Effects of enamel matrix derivative on Porphyromonas gingivalis.

BACKGROUND: Enamel matrix derivative (EMD) is used during periodontal surgery for the regeneration of periodontal tissue. It consists of the amelogenin fraction of porcine enamel matrix (AMEL) suspended in a vehicle of propylene glycol alginate (PGA). EMD-treated sites appear to heal with less inflammation. It has been suggested that antimicrobial properties of EMD might account for improved healing in vivo. The objectives of this study were: 1) to determine the antibacterial effects of EMD on the periodontal pathogen Porphyromonas gingivalis and 2) to establish the component(s) of EMD that are responsible for this effect. METHODS: The antimicrobial effects were determined in vitro using the broth dilution assay. P. gingivalis at a starting inoculum of 10(9) colony forming units/ml was treated with EMD, AMEL, and PGA in Hank's balanced salt solution (HBSS) for 1, 3, and 24 hours. The CFU/ml of P. gingivalis recovered on enriched Brucella blood agar was determined at 6 and 10 days.
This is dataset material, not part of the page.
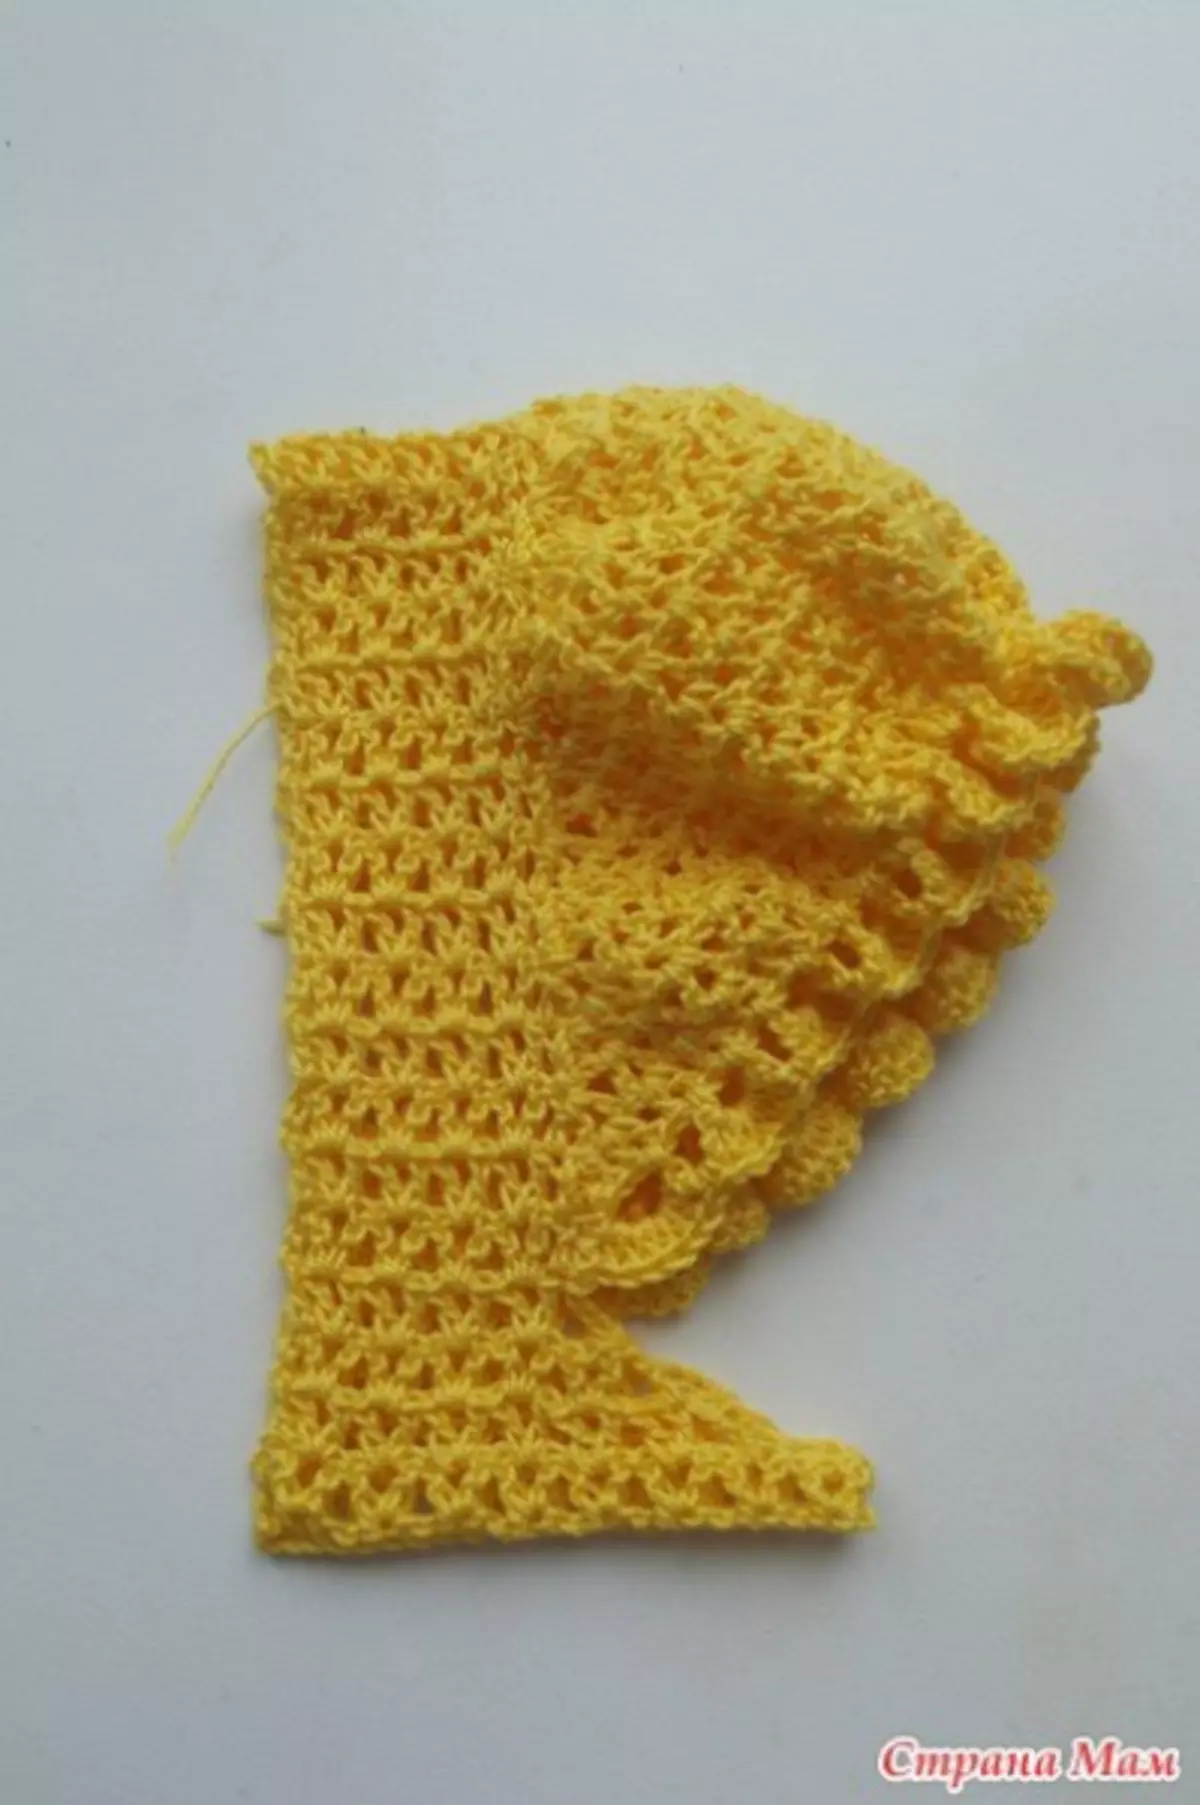 Տրիկոտաժե թեւ լապտեր Crochet - վարպետության դաս լուսանկարով
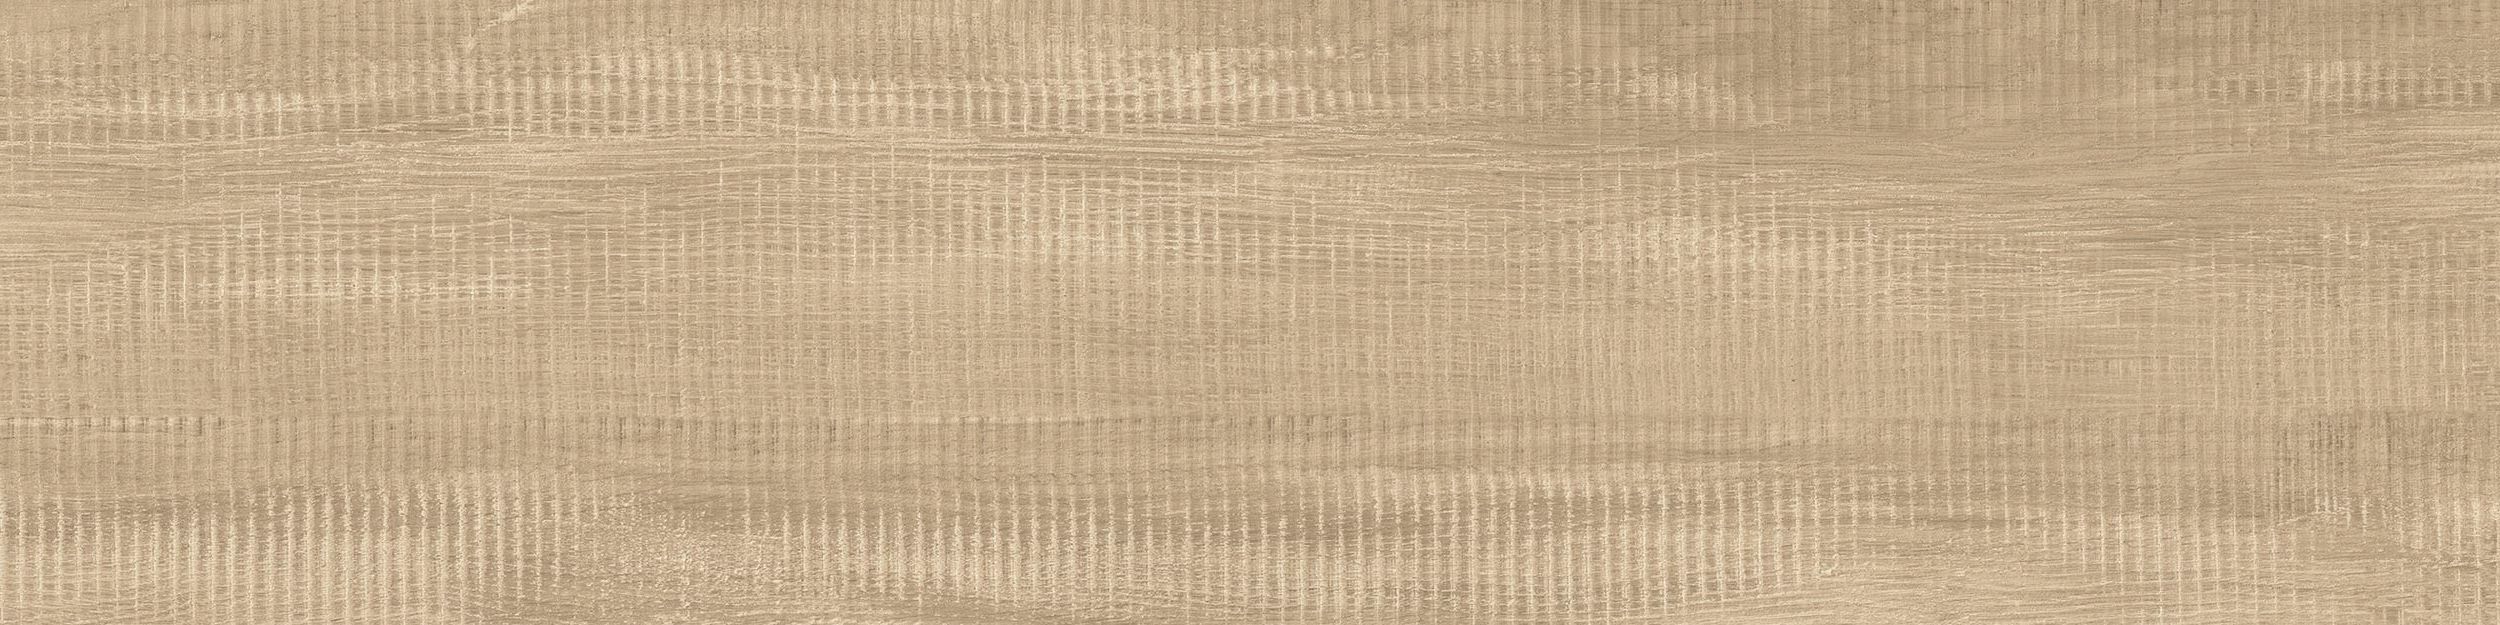 Textured Woodgrains LVT In Rustic Cashew imagen número 1

RESULTS: EMD (containing AMEL and PGA) or PGA alone eliminated recoverable CFUs of P. gingivalis. Interestingly, AMEL in HBSS increased recoverable CFUs from 8.62 log CFU/ml to 8.93 log CFU/ml. Further analysis of the dose response at concentrations of 0.3, 3, and 30 mg/ml of AMEL in HBSS revealed that only 30 mg/ml (clinical concentration) increased CFUs of P. gingivalis relative to baseline (from 8.8 log CFU/ml to 9.2 log CFU/ml in 3 hours). Additionally, AMEL was compared to a protein control bovine serum albumin (BSA) to determine whether this effect was unique to AMEL. A marked increase in recoverable CFUs occurred with the AMEL (increasing from 8.8 log CFU/ml to 9.47 log CFU/ml), but not with BSA. CONCLUSIONS: EMD possesses antimicrobial properties that can be attributed to the propylene glycol alginate vehicle. The amelogenin fraction of porcine enamel matrix in enamel matrix derivative (i.e., AMEL) is not antibacterial for P. gingivalis and was shown to increase recoverable CFUs.